According to Stamper, the operations of the Elon Musk-led tunneling startup does not align with the company’s current conditional utility permit. Back in October 2017, the SHA granted The Boring Co. a permit to begin digging its tunnels under the Baltimore-Washington Parkway, provided that the tunneling startup meets the necessary requirements. As noted by the Maryland Attorney General in a letter, however, The Boring Company’s permit was not within the SHA’s rights to give, especially since the tunnels are set to be utilized for Hyperloop transportation.
“A Hyperloop system does not produce, transmit, or distribute communications, cable television, power, electricity, light, heat, gas, oil, crude products, water, steam, waste, or ‘other similar commodity. A Hyperloop moves people, automobiles, and cargo. For this reason, I do not believe SHA can authorize the construction of the proposed ‘transportation tunnels’ within the Baltimore-Washington Parkway right-of-way by issuing a utility permit.”
Stamper further asserted that for The Boring Company to acquire the proper permit, the entire project must go through an intensive review and comment process, followed by an easement agreement that must be presented to the Board of Public Works for approval. Only then can The Boring Company start digging.

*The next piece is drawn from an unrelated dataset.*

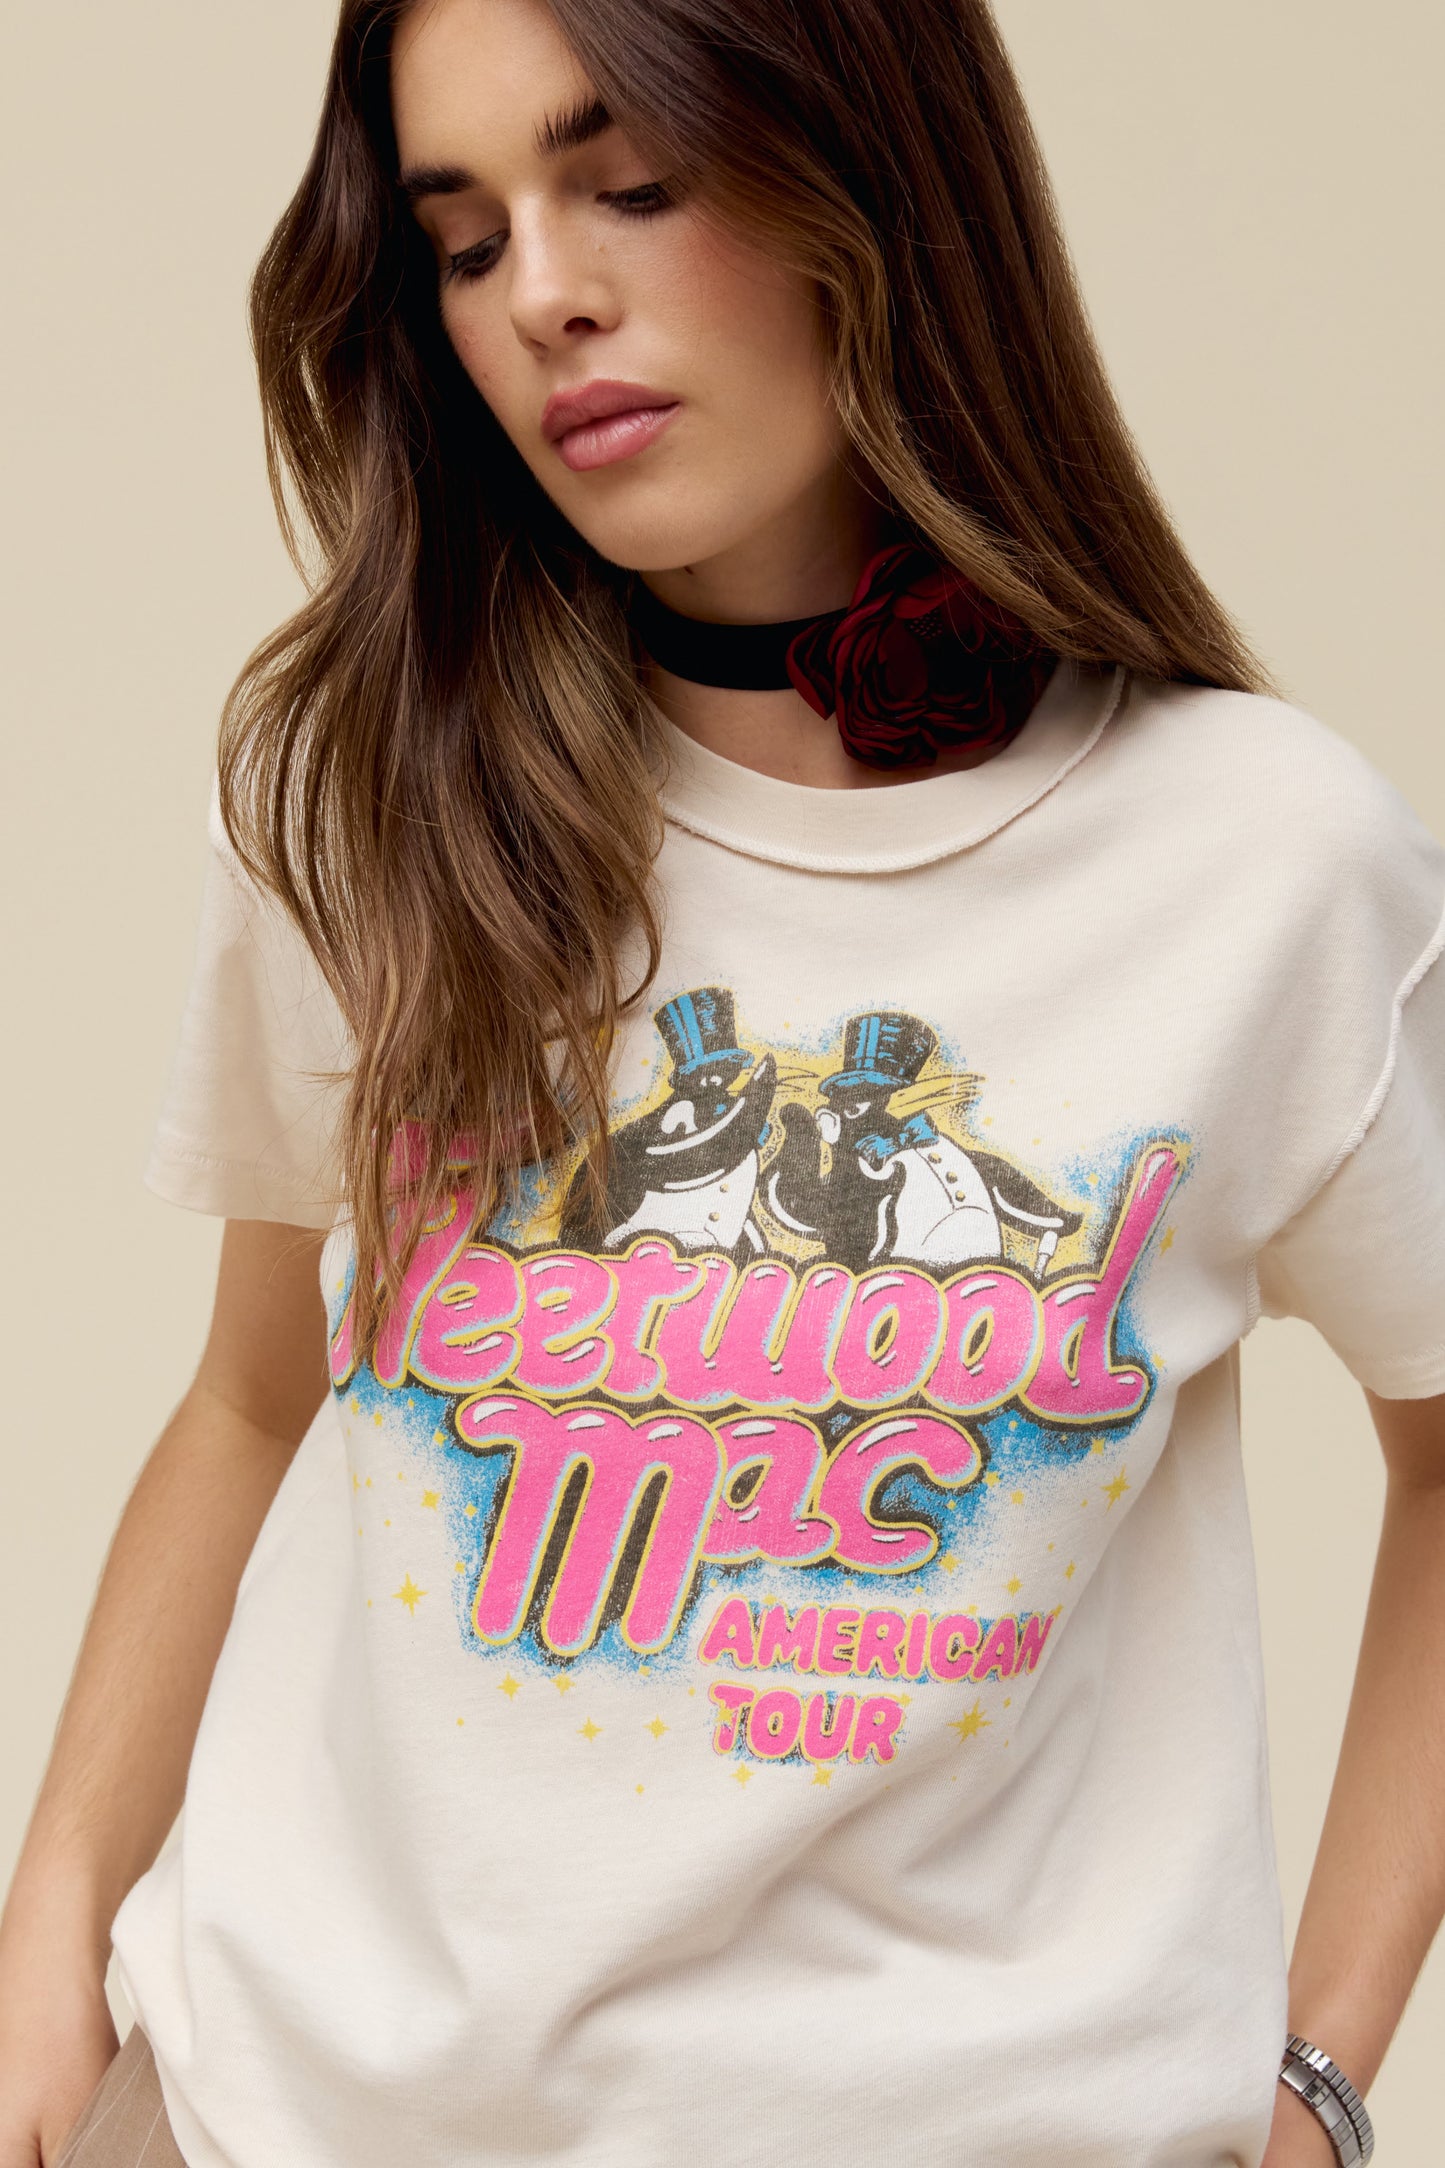 A model featuring a dirty white Fleetwood Mac tour tee designed with with their group name and a penguin graphic; with a special shoutout to their American Tour featuring their city stops stamped on the back.

The Attorney General, however, explained that the state is not prohibiting the construction of the tunnel system at all. According to Stamper, his grievances only lie in the permit of the tunneling startup, nothing more.

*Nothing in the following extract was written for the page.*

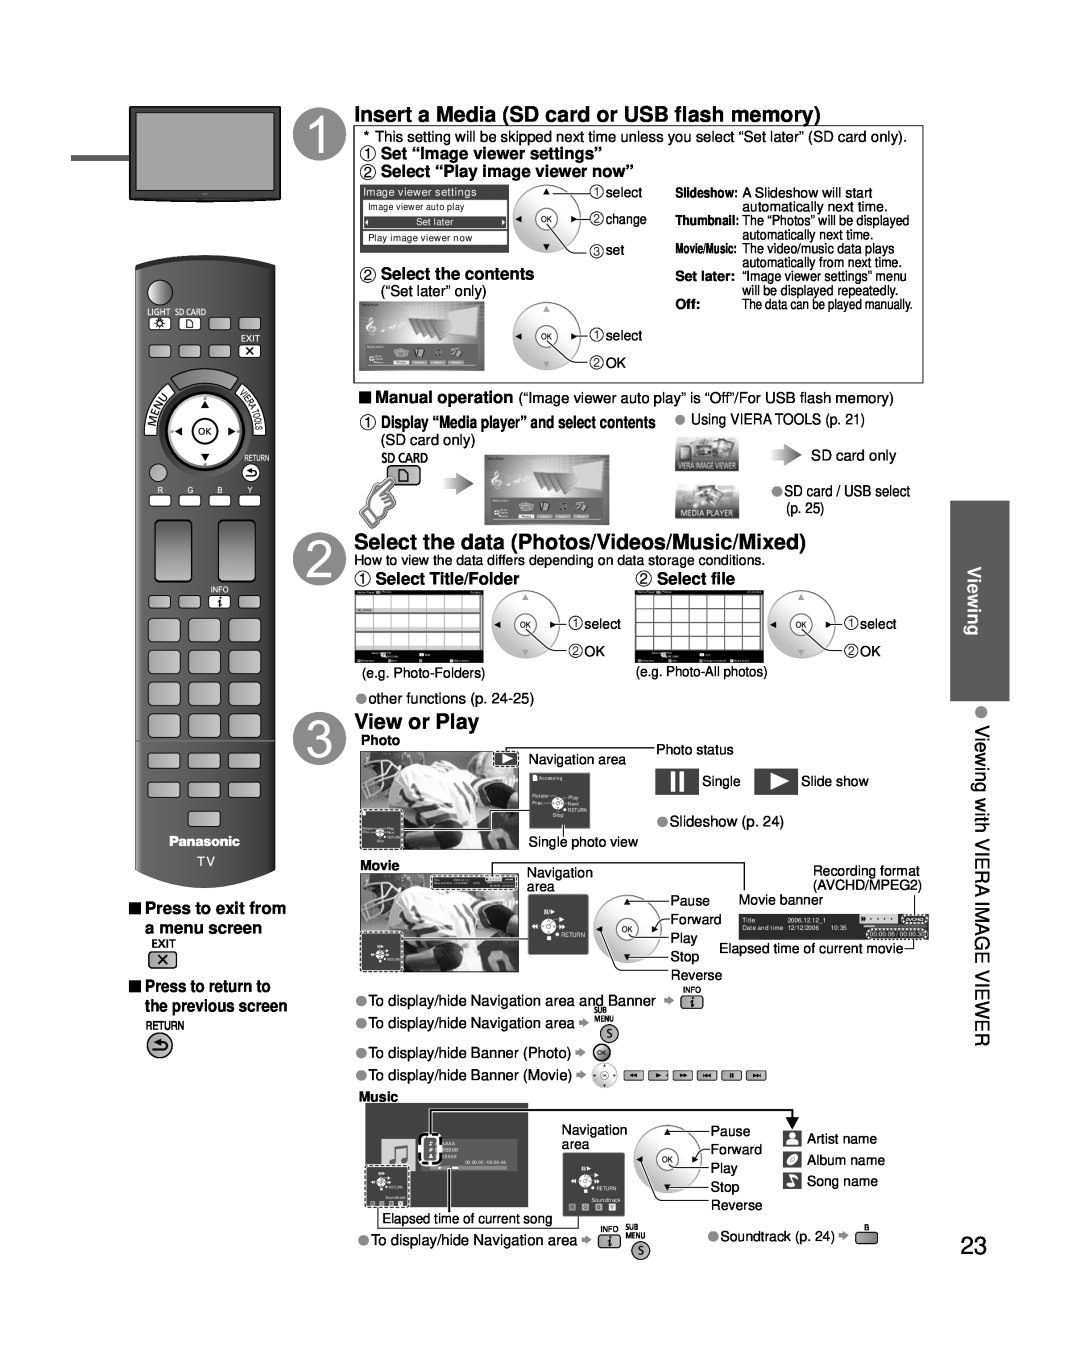 Panasonic TC-P54G25 View or Play, Viewing with VIERA IMAGE, Viewer, Select the contents, Press to exit from a menu screen

“There very well may be some process for authorizing such a project. But I do not believe SHA can authorize construction of a Hyperloop system within the right-of-way of the B-W Parkway simply by issuing a utility permit,” Stamper wrote, according to The Baltimore Sun.
Maryland’s Department of Transportation, however, has taken a stern opposing stance towards the Attorney General’s opposition to The Boring Company’s Baltimore-Washington Parkway project. In a statement to the Sun, MDOT spokeswoman Erin Henson asserted that the permits for the tunneling startup’s initiatives could be resolved in a rather simple manner.
“We respectfully disagree with the advice provided by the Assistant Attorney General for the General Assembly, which was given without consulting with the Maryland Department of Transportation. Instead of 10 pages, we could have clarified in one that MDOT does have the right and responsibility to permit construction under state highway right of way, including the conditional permit issued to The Boring Company to build a concrete shell under the Baltimore-Washington Parkway.
“As stated months ago, the Federal Railroad Administration would provide the appropriate federal approvals for Hyperloop. Maryland should be proud to be the home for leading technology that can add one more tool to fight congestion that plagues Marylanders every day.”
For now, at least, it seems like the developments in The Boring Company’s Maryland initiative are the last thing from being boring.